#### SOURCE DATA
++++++
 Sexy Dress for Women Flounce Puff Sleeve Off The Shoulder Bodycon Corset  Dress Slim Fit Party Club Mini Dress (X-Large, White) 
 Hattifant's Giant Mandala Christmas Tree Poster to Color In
++++++
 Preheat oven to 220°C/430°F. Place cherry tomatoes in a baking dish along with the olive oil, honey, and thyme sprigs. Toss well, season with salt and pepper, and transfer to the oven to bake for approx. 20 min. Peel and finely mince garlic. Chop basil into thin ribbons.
++++++
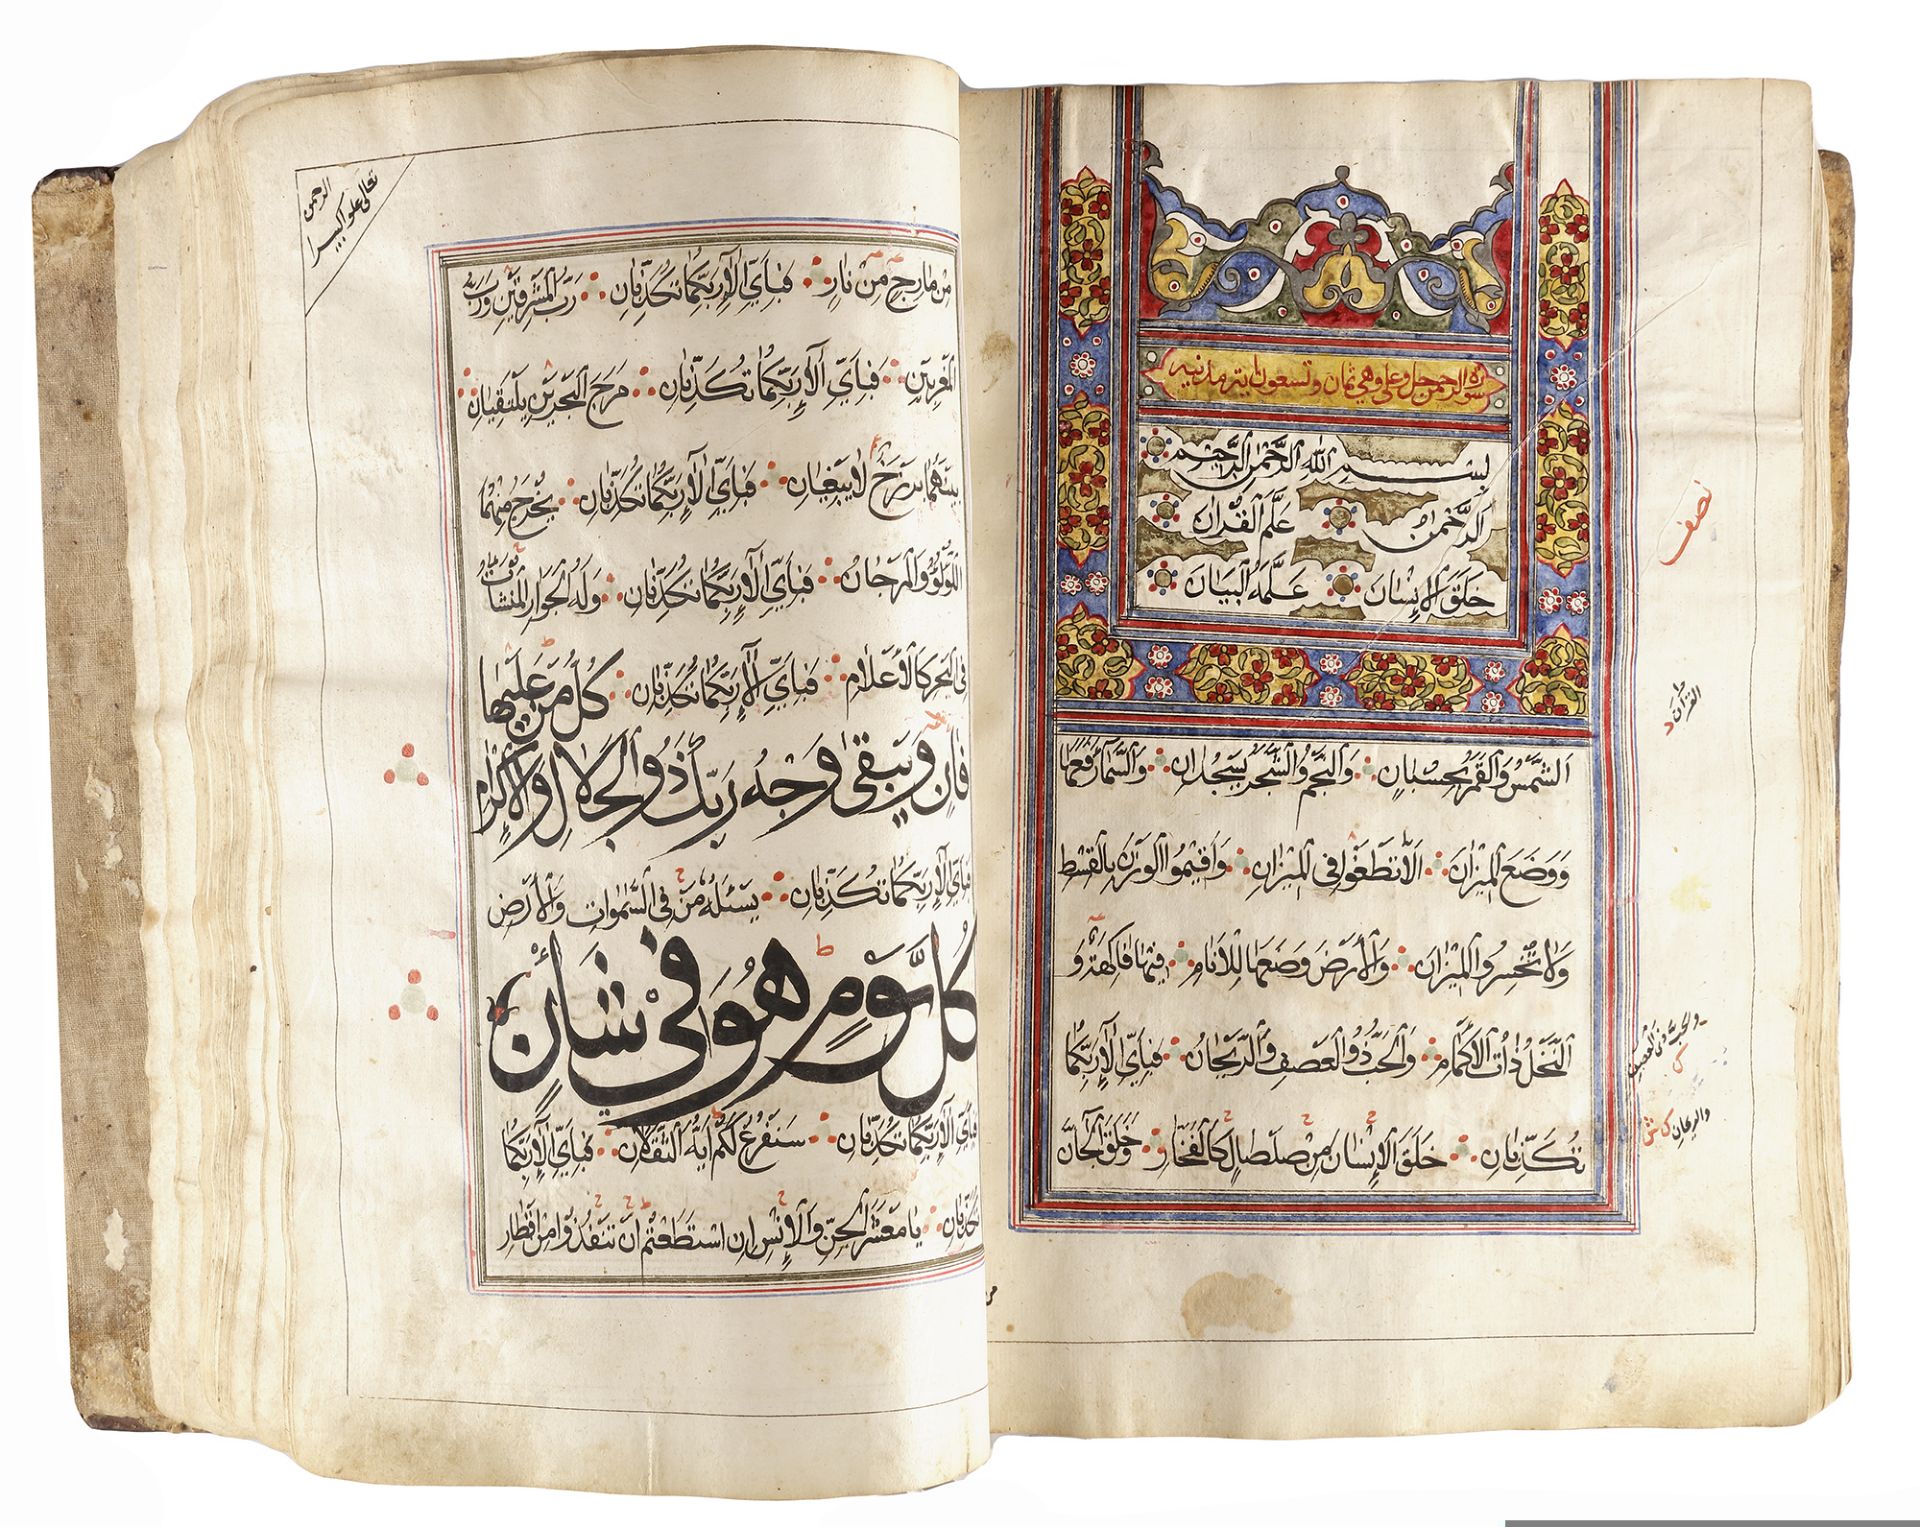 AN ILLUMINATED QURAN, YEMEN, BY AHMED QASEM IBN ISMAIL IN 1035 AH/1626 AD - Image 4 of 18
++++++
#### YOUR OBJECTIVE
From the records above, quote only the lines running from the line with "Sexy Dress for" to the line with "Hattifant's Giant Mandala", both lines included.

#### EXPECTED ANSWER
 Sexy Dress for Women Flounce Puff Sleeve Off The Shoulder Bodycon Corset  Dress Slim Fit Party Club Mini Dress (X-Large, White) 
 Hattifant's Giant Mandala Christmas Tree Poster to Color In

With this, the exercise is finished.